PROBLEM STATEMENT
The expected result is the full set of records, copied precisely, with images dropped.

(Data items)
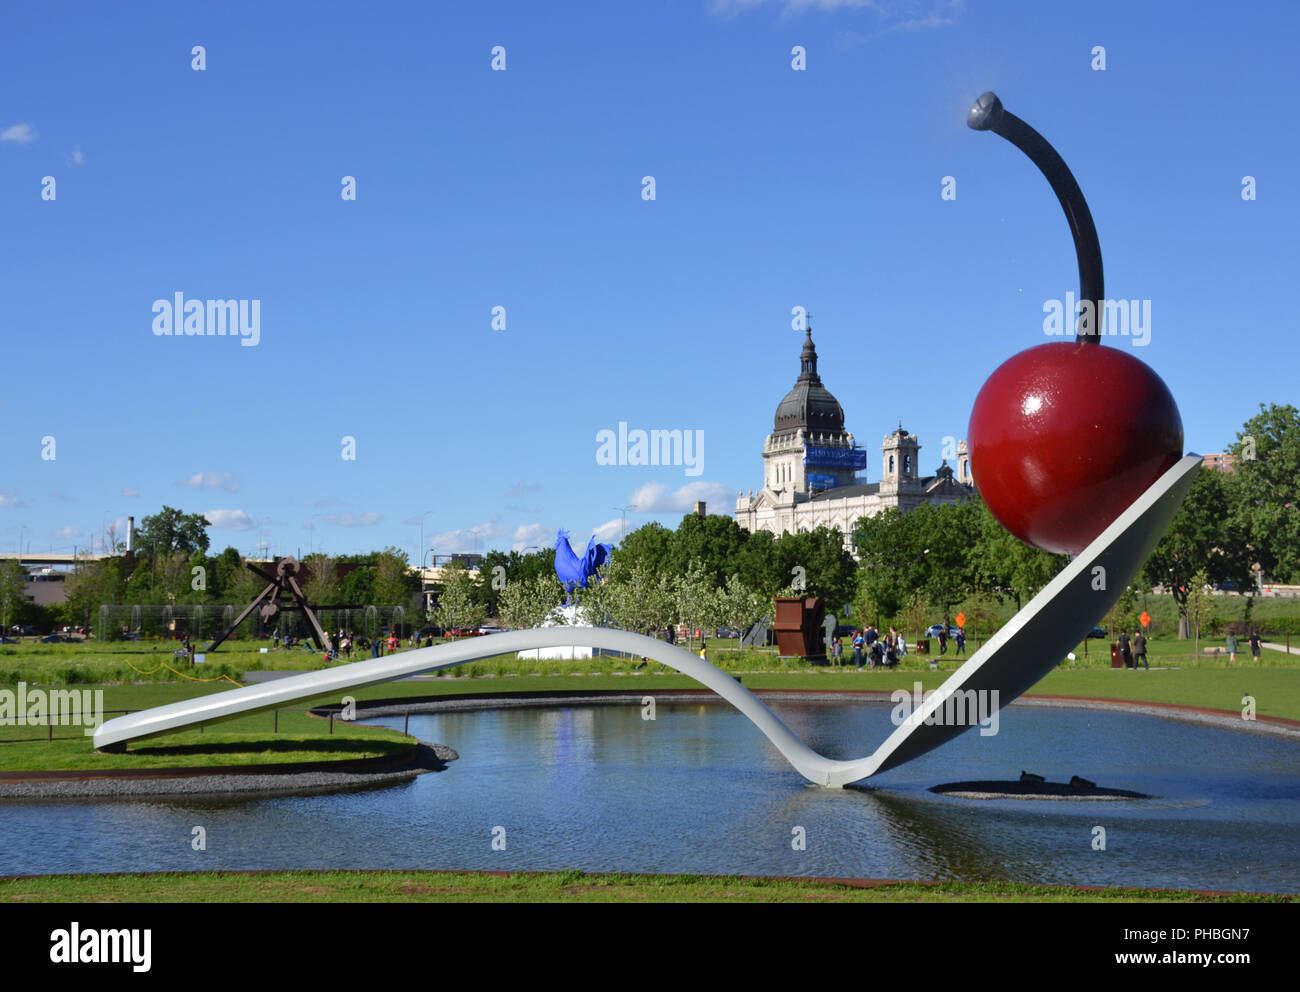 Minneapolis, Minnesota - Juni 3, 2018: Minneapolis Sculpture Garden. Die Spoonbridge und Cherry Skulptur, in Minneapolis, Minnesota Stockfoto
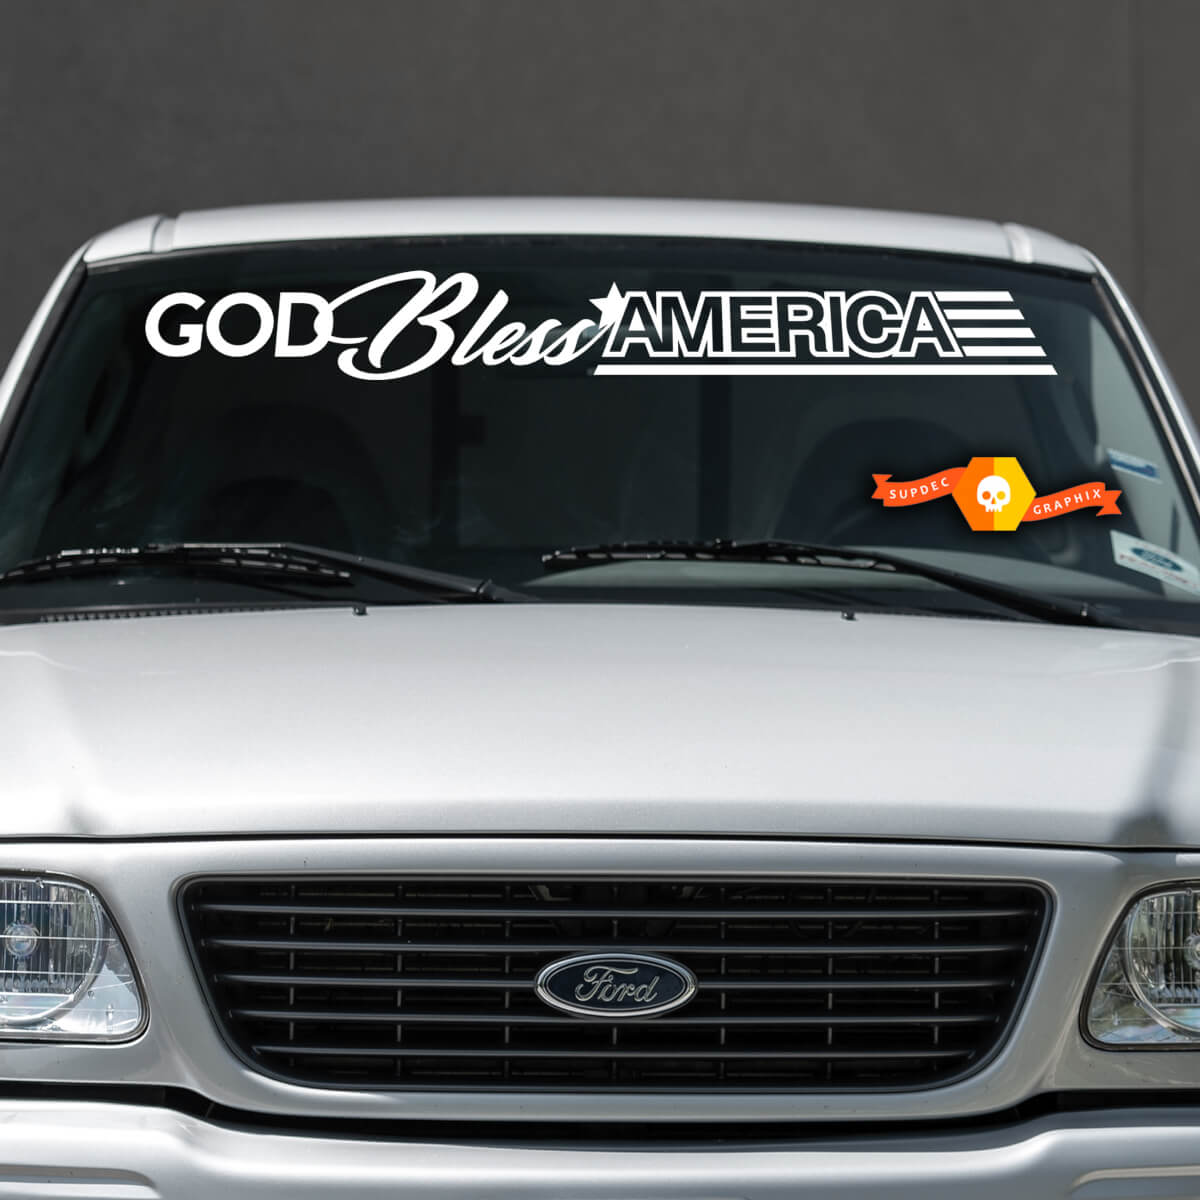 God Bless America Nissan Ford Chevrolet Jeep Auto-Windschutzscheiben- Aufkleber, Grafik, passend für alle Modelle
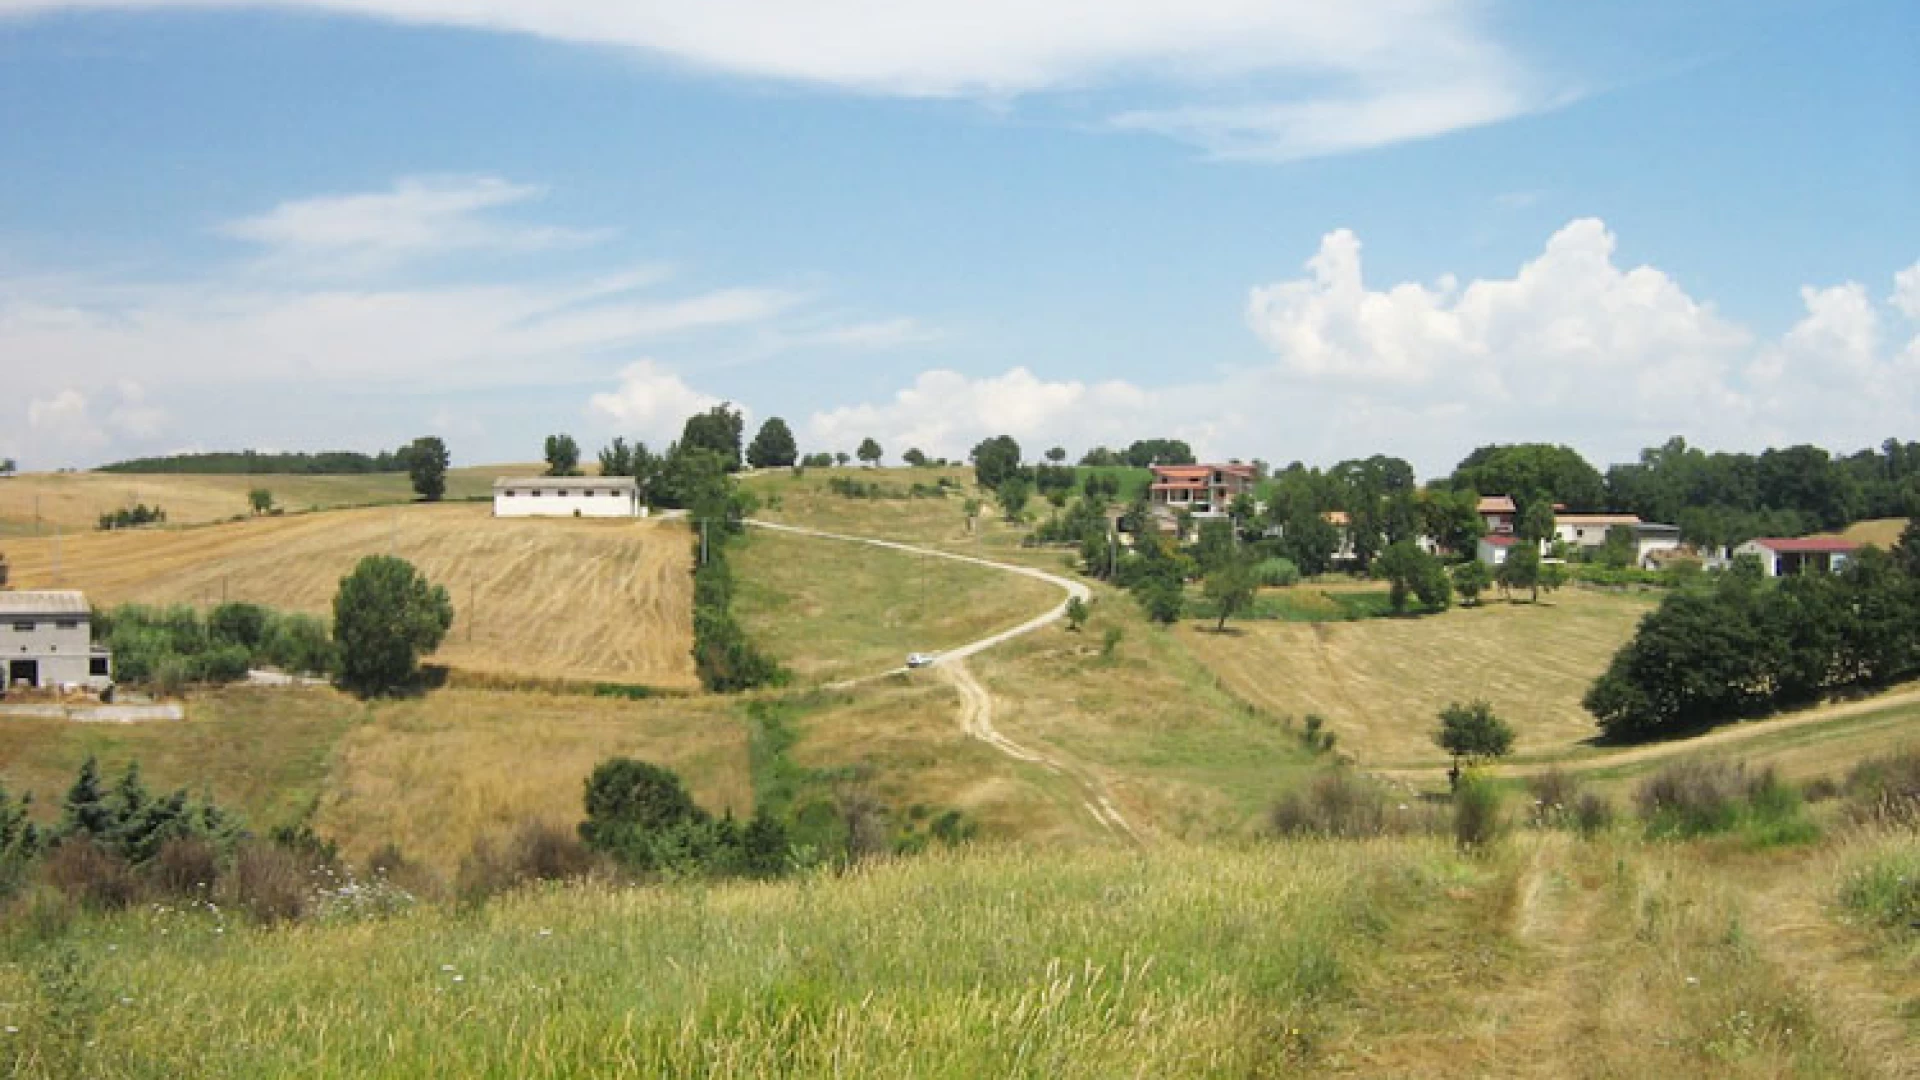 Partono anche nell'area Mainardica gli eventi estivi promossi dal Pnalm (Parco Nazionale d'Abruzzo, Lazio e Molise)
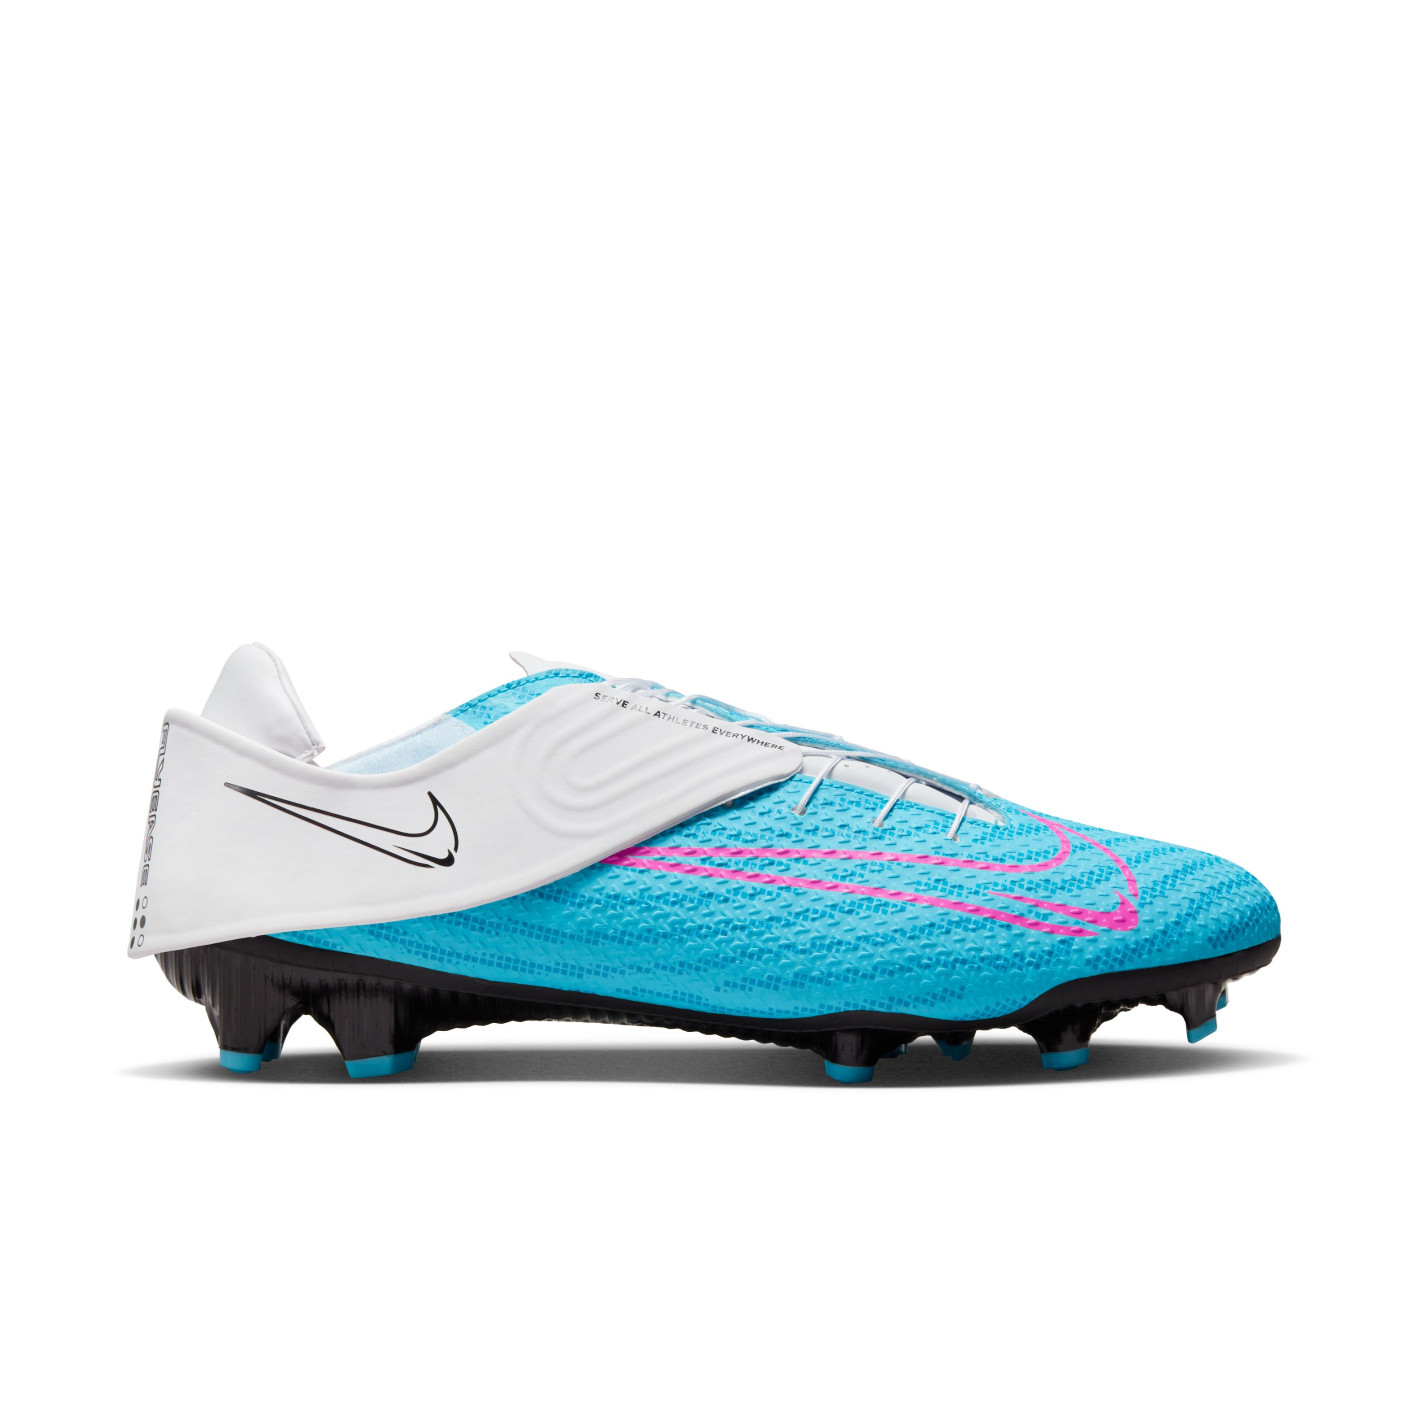 Nivia Sports - Nivia Ashtang football and Football shoes.. ⠀ ⠀ Buy Now at  buff.ly/2VoK4MC ⠀ ⠀ Reposting @hirancaptures: ⠀ ...⠀ 
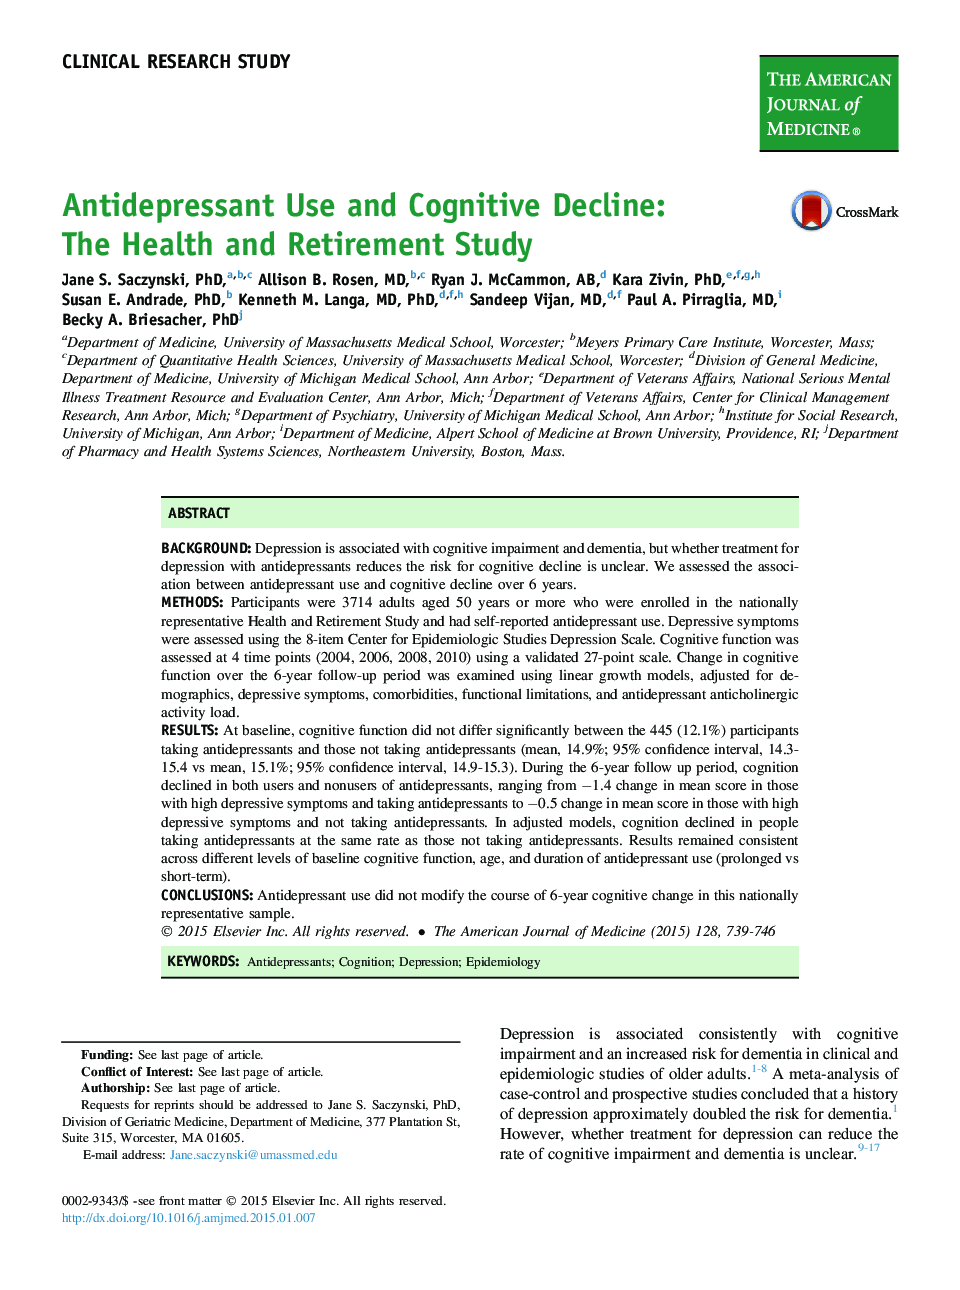 استفاده از داروهای ضد افسردگی و کاهش شناختی: مطالعه سلامت و بازنشستگی
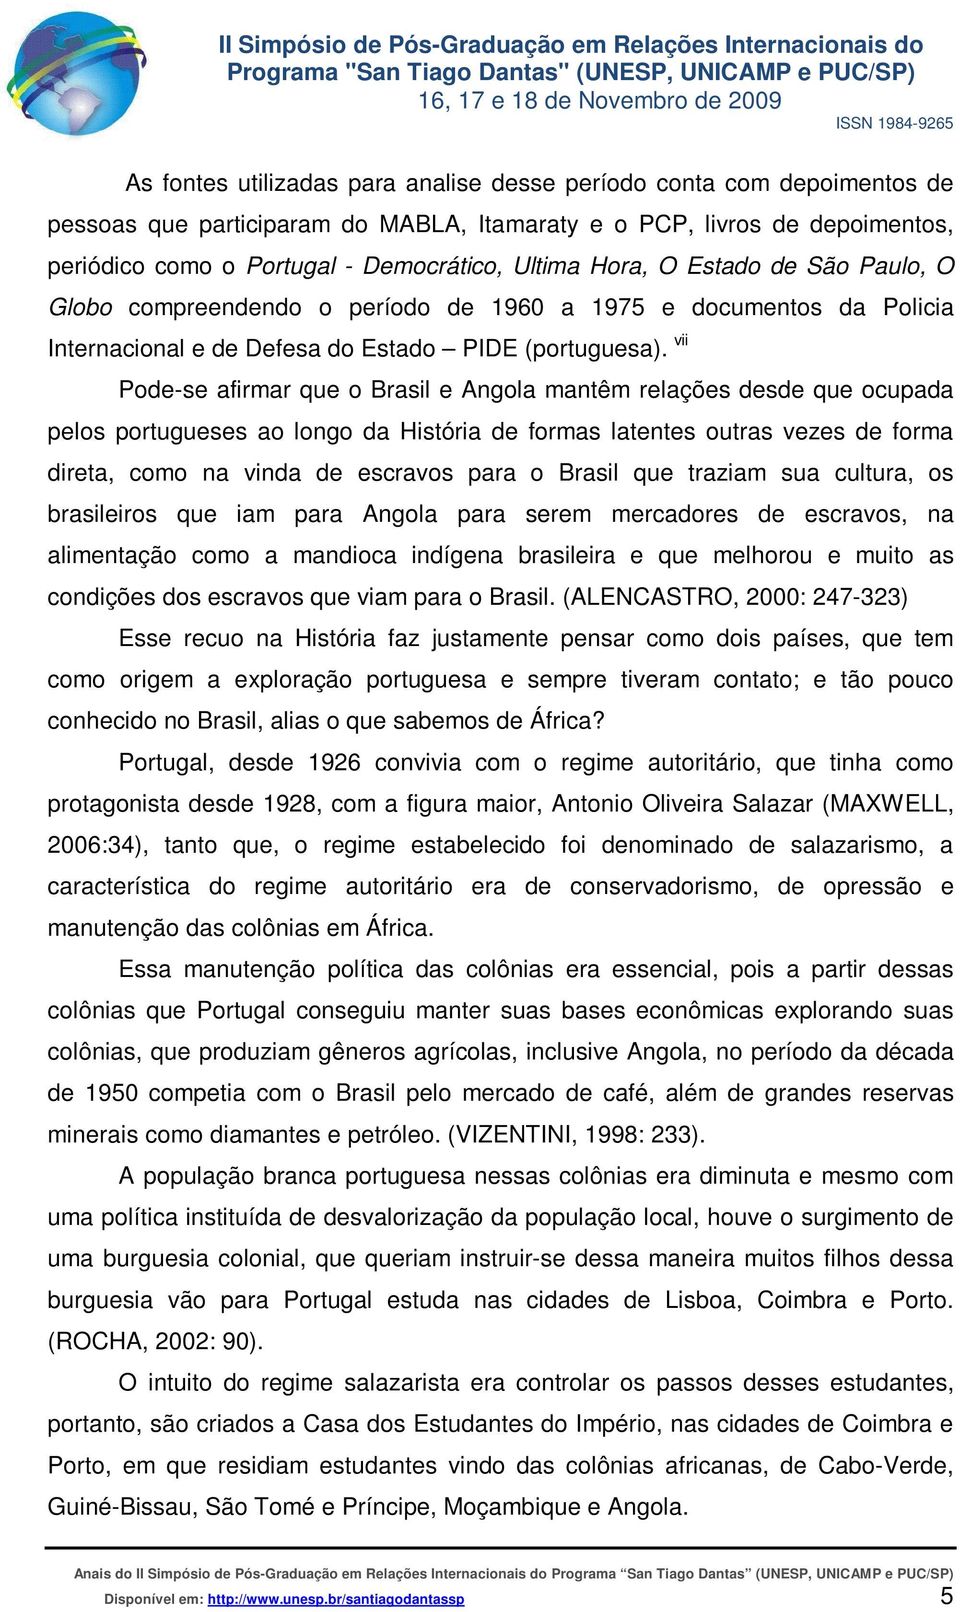 vii Pode-se afirmar que o Brasil e Angola mantêm relações desde que ocupada pelos portugueses ao longo da História de formas latentes outras vezes de forma direta, como na vinda de escravos para o

SOLUTION TO THIS EXERCISE
 Minneapolis, Minnesota - Juni 3, 2018: Minneapolis Sculpture Garden. Die Spoonbridge und Cherry Skulptur, in Minneapolis, Minnesota Stockfoto
 God Bless America Nissan Ford Chevrolet Jeep Auto-Windschutzscheiben- Aufkleber, Grafik, passend für alle Modelle
 Partono anche nell'area Mainardica gli eventi estivi promossi dal Pnalm (Parco Nazionale d'Abruzzo, Lazio e Molise)
 Nivia Sports - Nivia Ashtang football and Football shoes.. ⠀ ⠀ Buy Now at  buff.ly/2VoK4MC ⠀ ⠀ Reposting @hirancaptures: ⠀ ...⠀ 
 استفاده از داروهای ضد افسردگی و کاهش شناختی: مطالعه سلامت و بازنشستگی
 vii Pode-se afirmar que o Brasil e Angola mantêm relações desde que ocupada pelos portugueses ao longo da História de formas latentes outras vezes de forma direta, como na vinda de escravos para o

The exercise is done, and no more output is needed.